* [WHAT IS NEEDED]:
Could you restate word for word only the lines below from the one holding "AIVA Organic Cumin Seeds (Jeera) 14 oz" to the one holding "Untitled Bowl (Black)", inclusive, and leave out the pictures?

* [GIVEN RECORDS]:
____________________

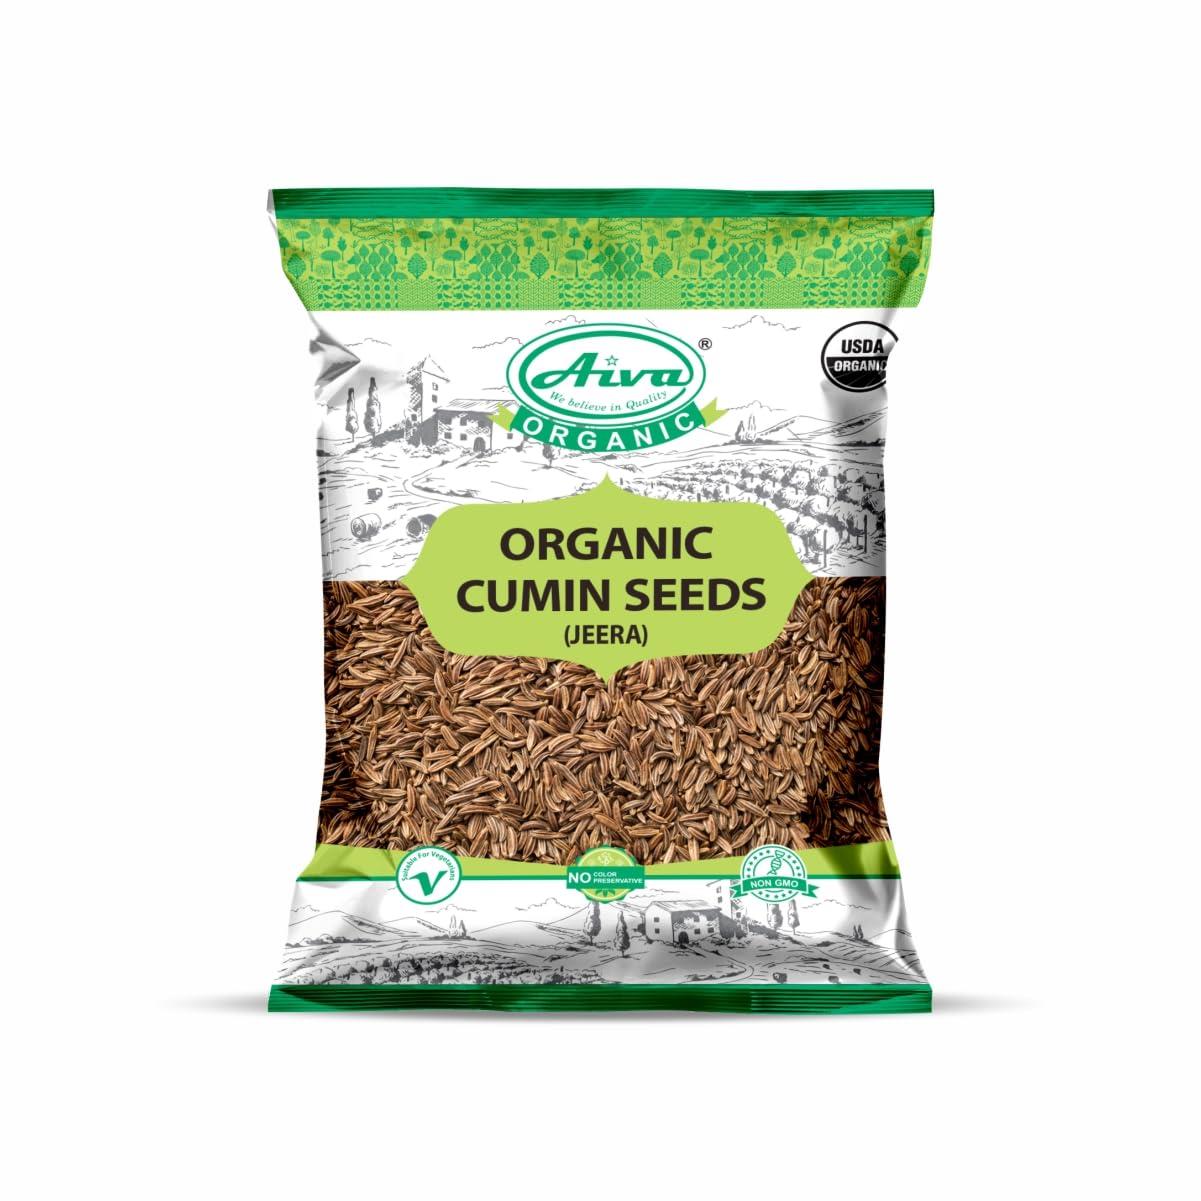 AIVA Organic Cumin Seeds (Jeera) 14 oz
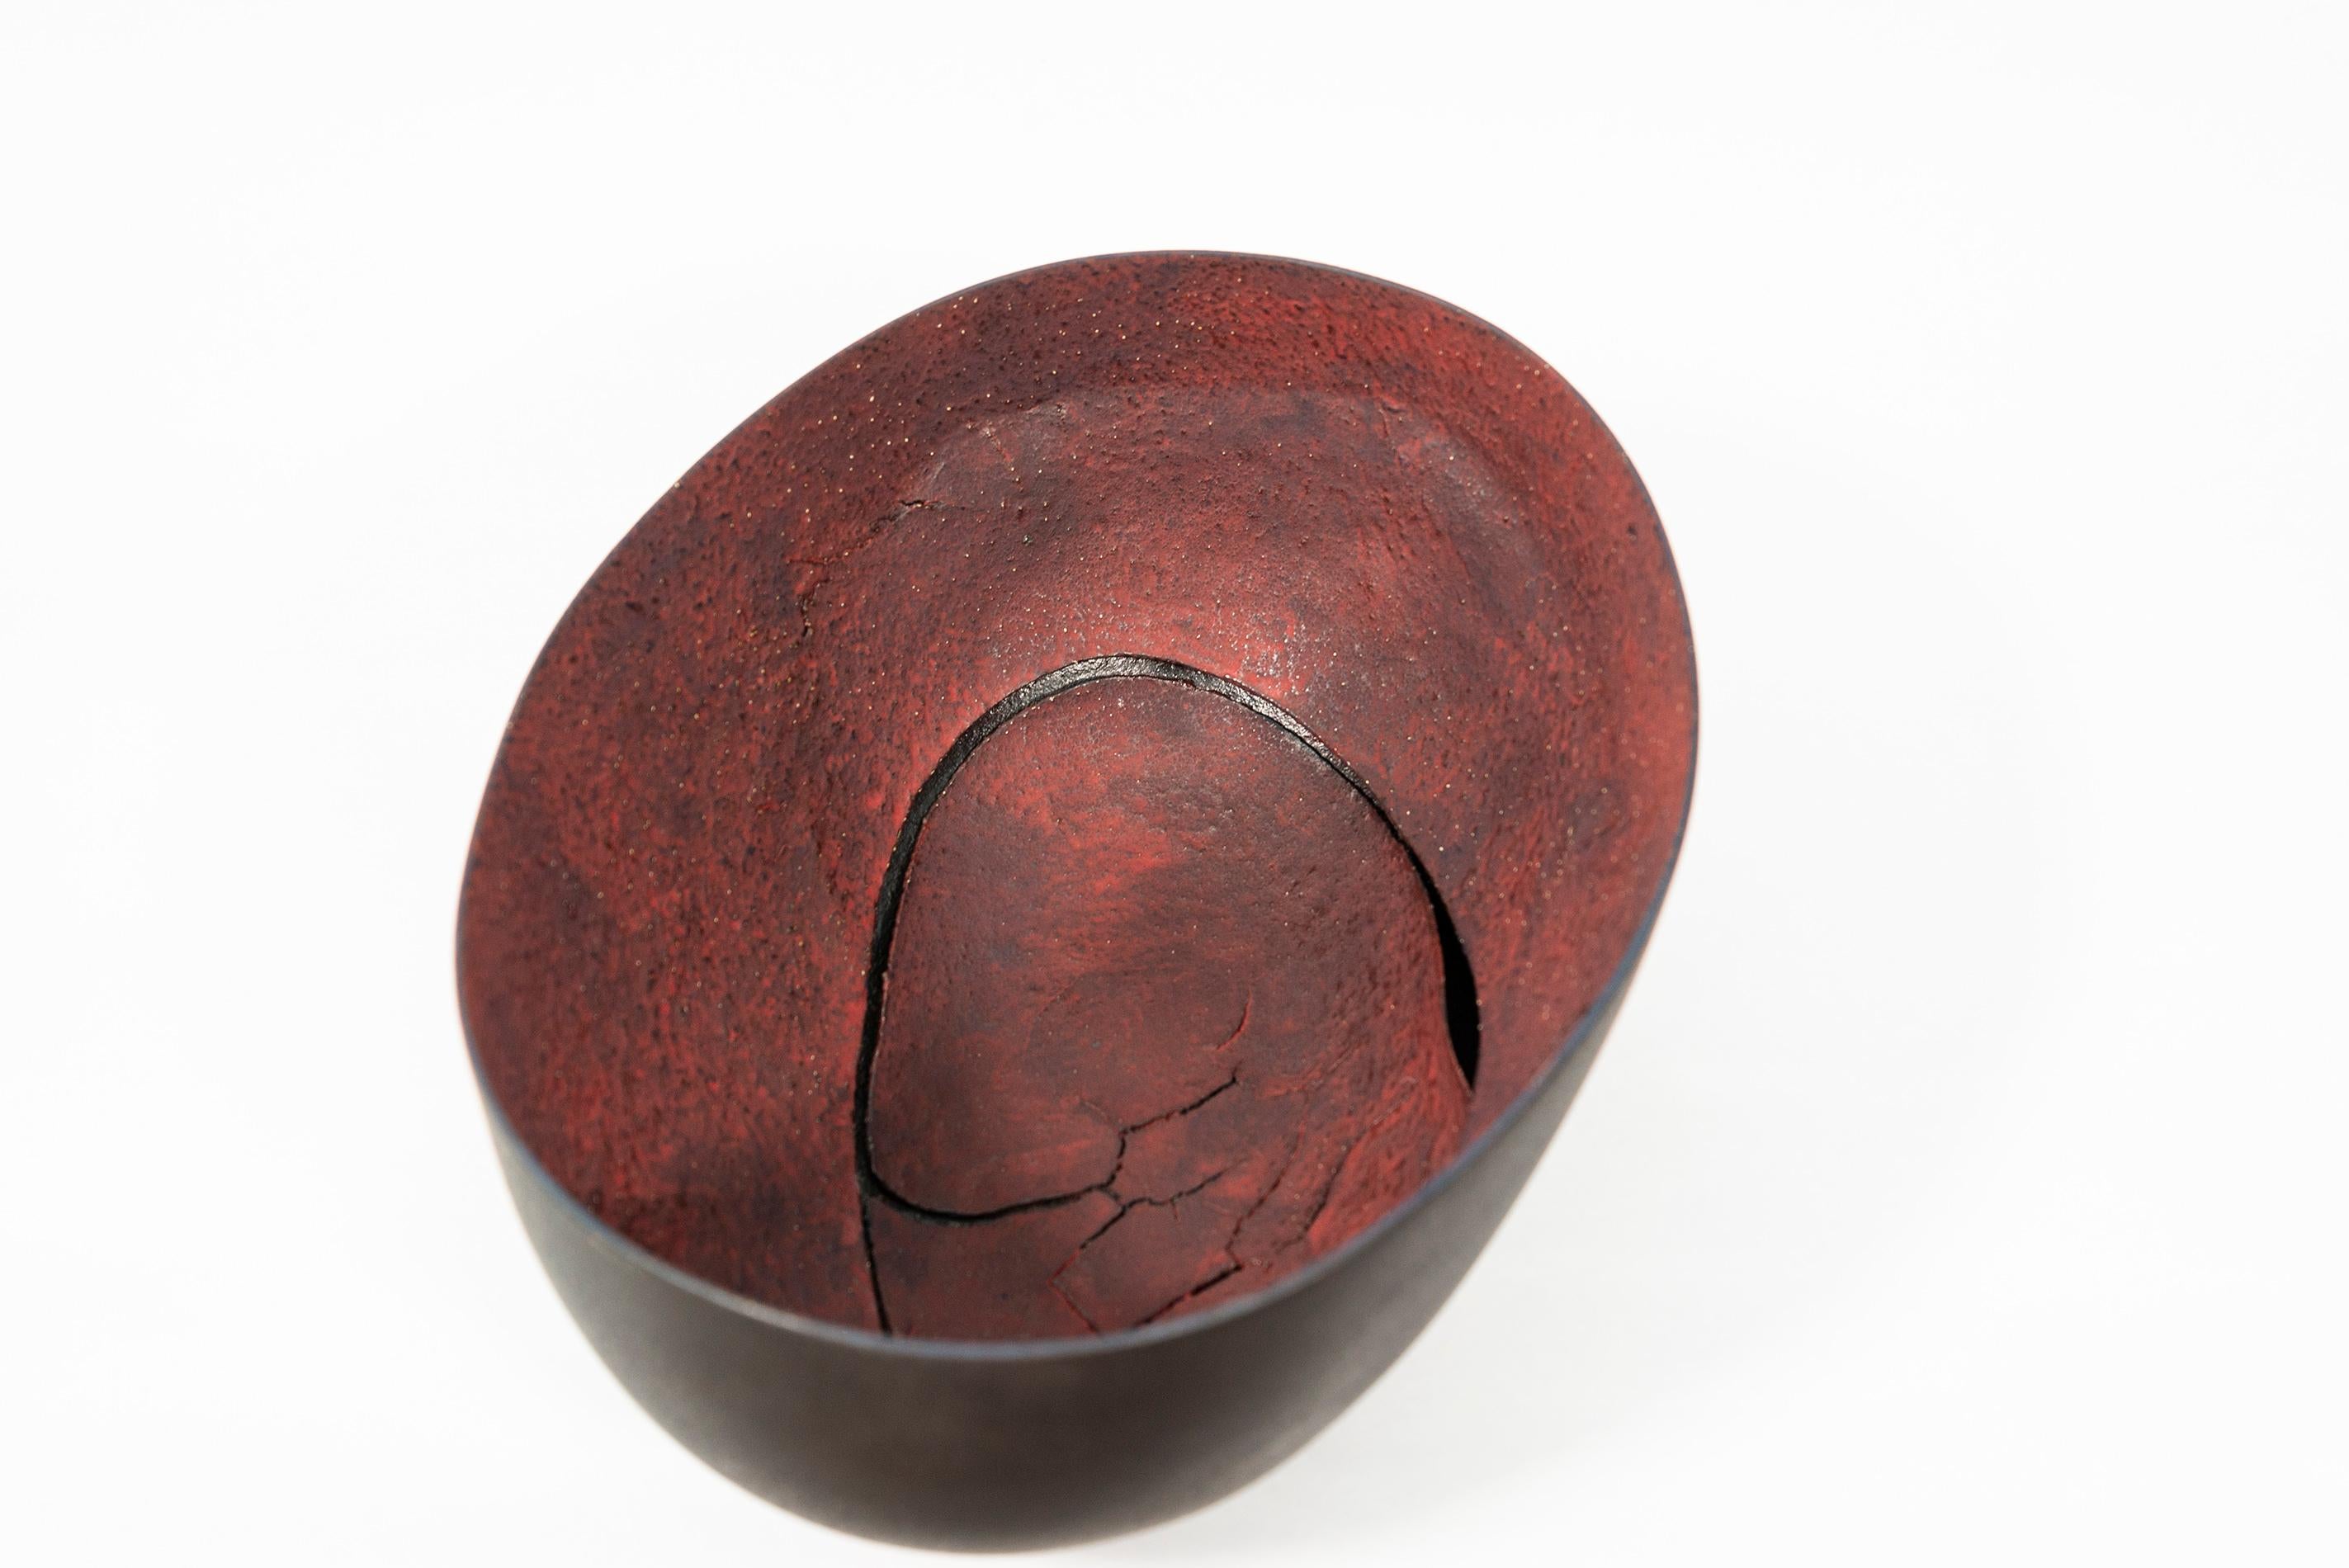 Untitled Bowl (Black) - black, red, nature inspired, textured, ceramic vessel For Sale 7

____________________

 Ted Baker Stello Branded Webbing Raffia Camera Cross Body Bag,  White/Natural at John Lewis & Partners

____________________

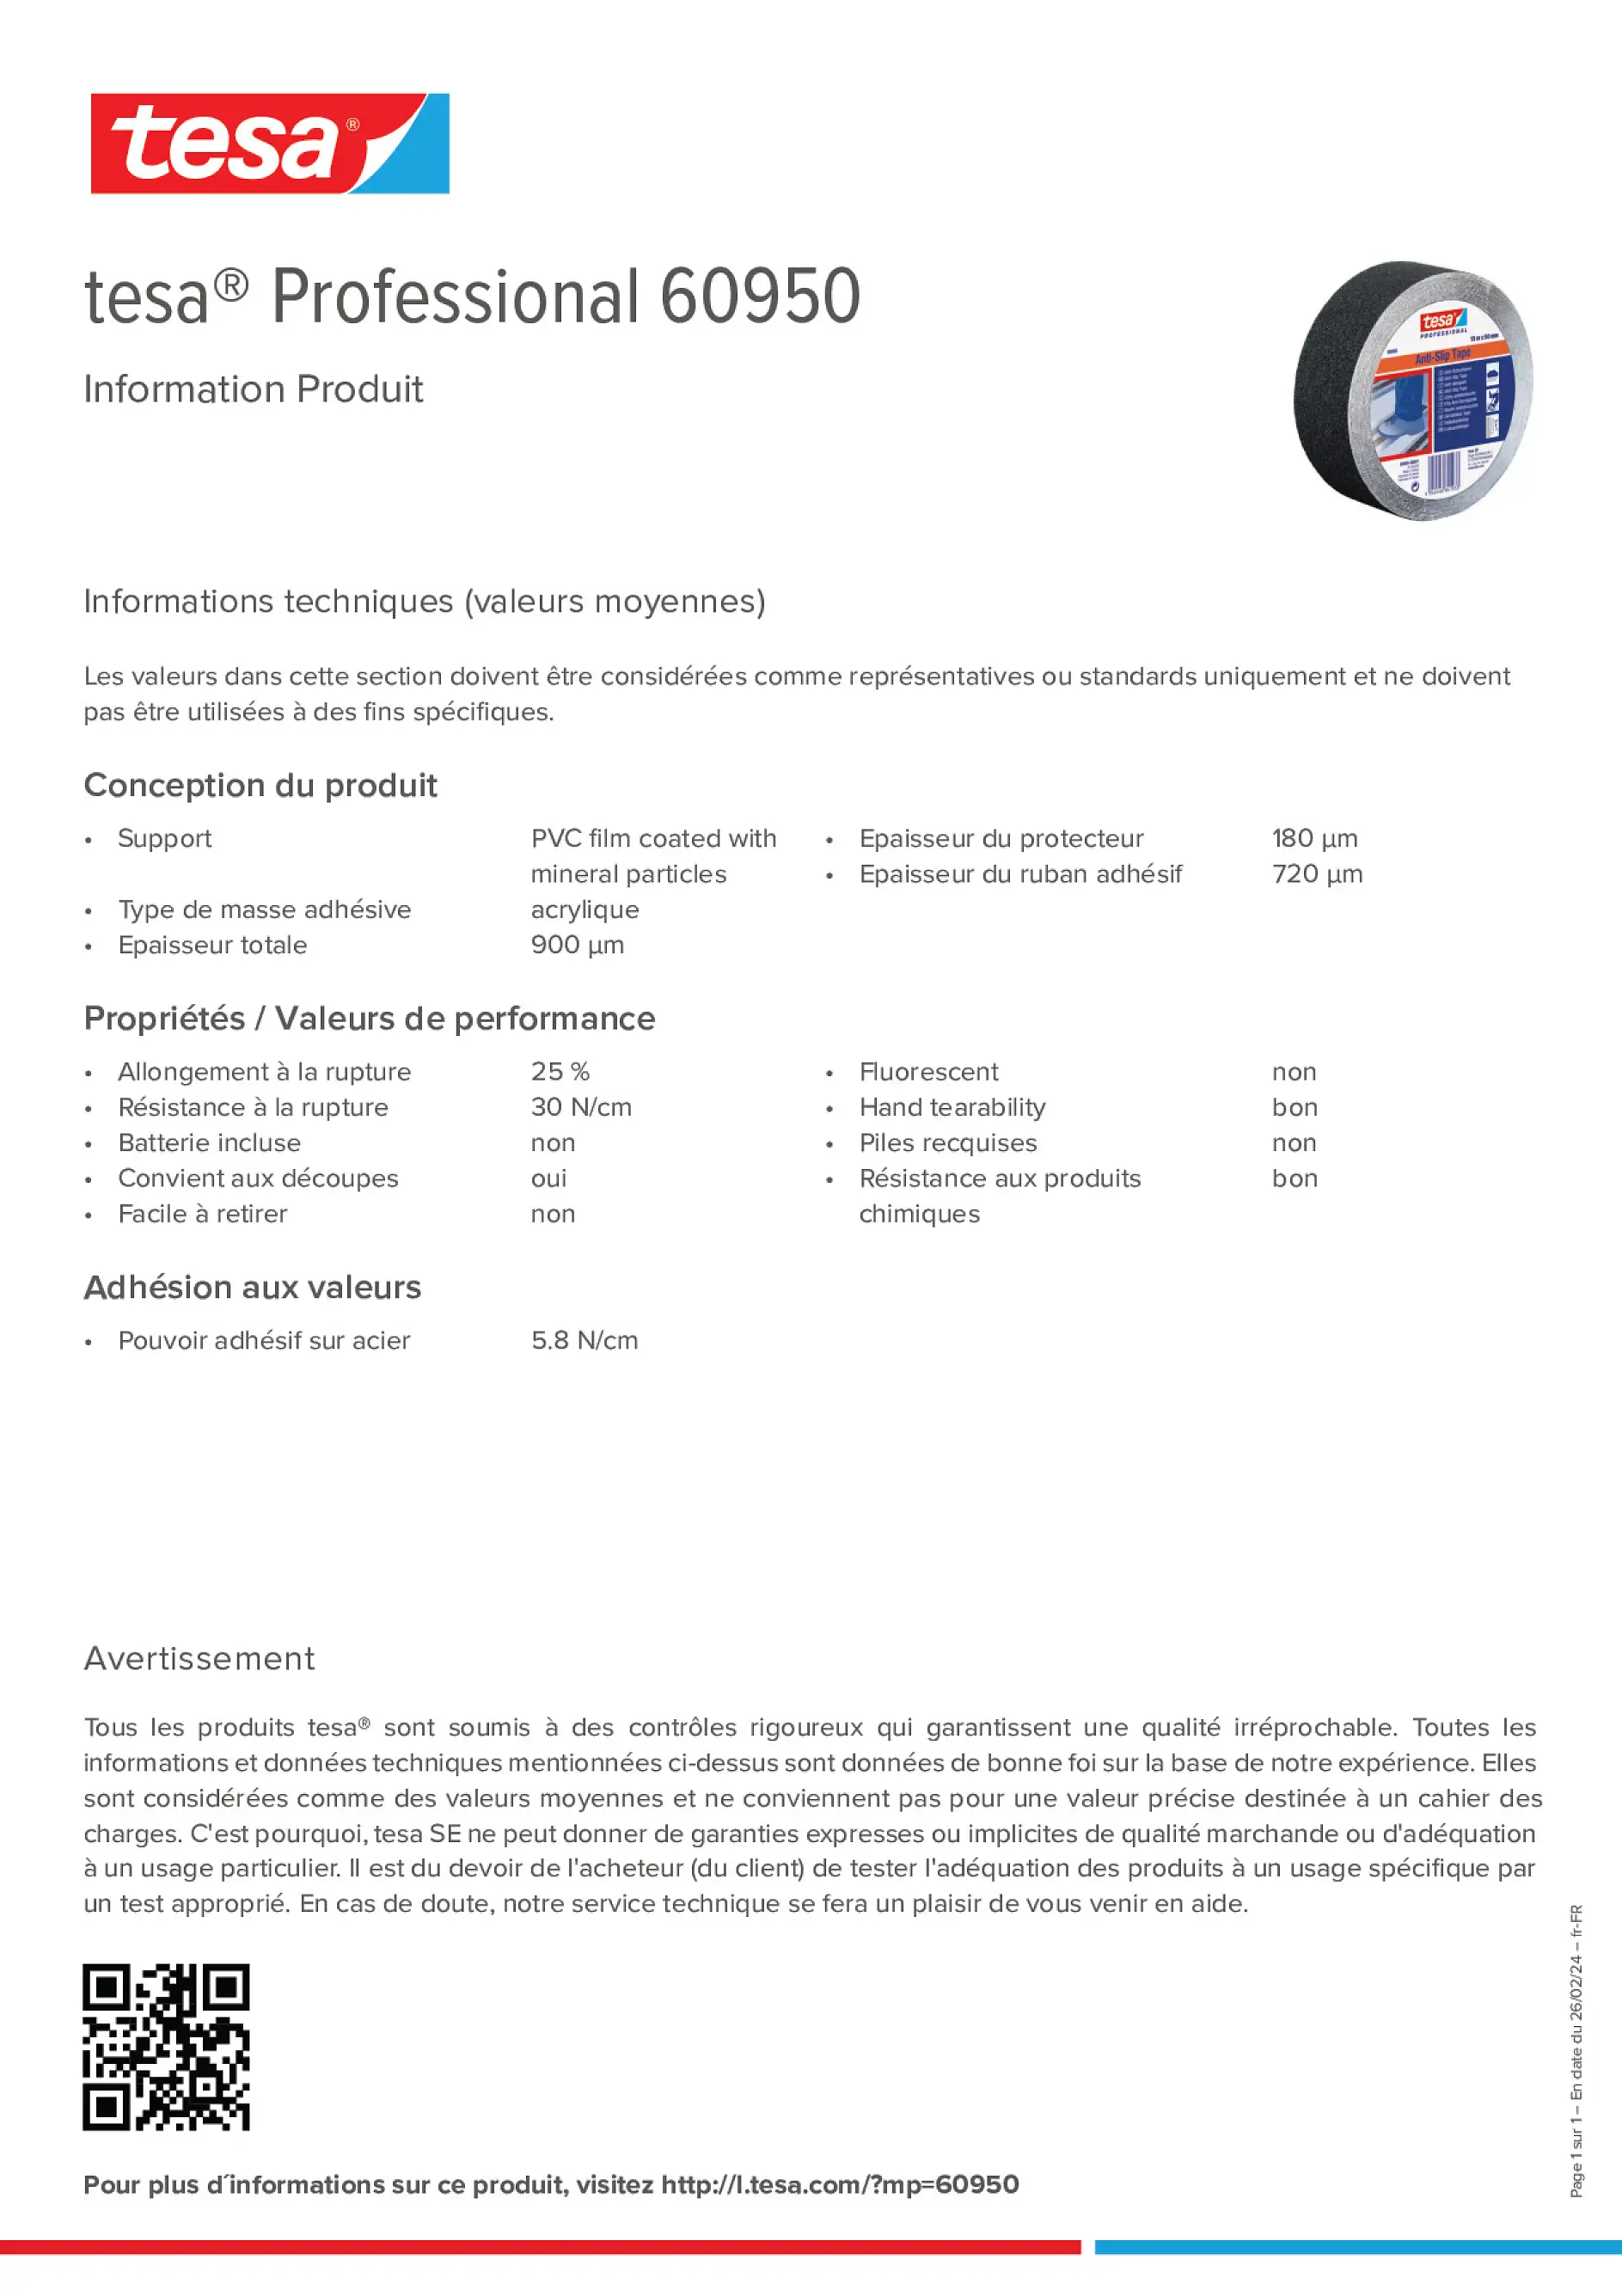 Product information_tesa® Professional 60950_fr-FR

____________________

* [SOLUTION BELOW]:
 AIVA Organic Cumin Seeds (Jeera) 14 oz
 Untitled Bowl (Black) - black, red, nature inspired, textured, ceramic vessel For Sale 7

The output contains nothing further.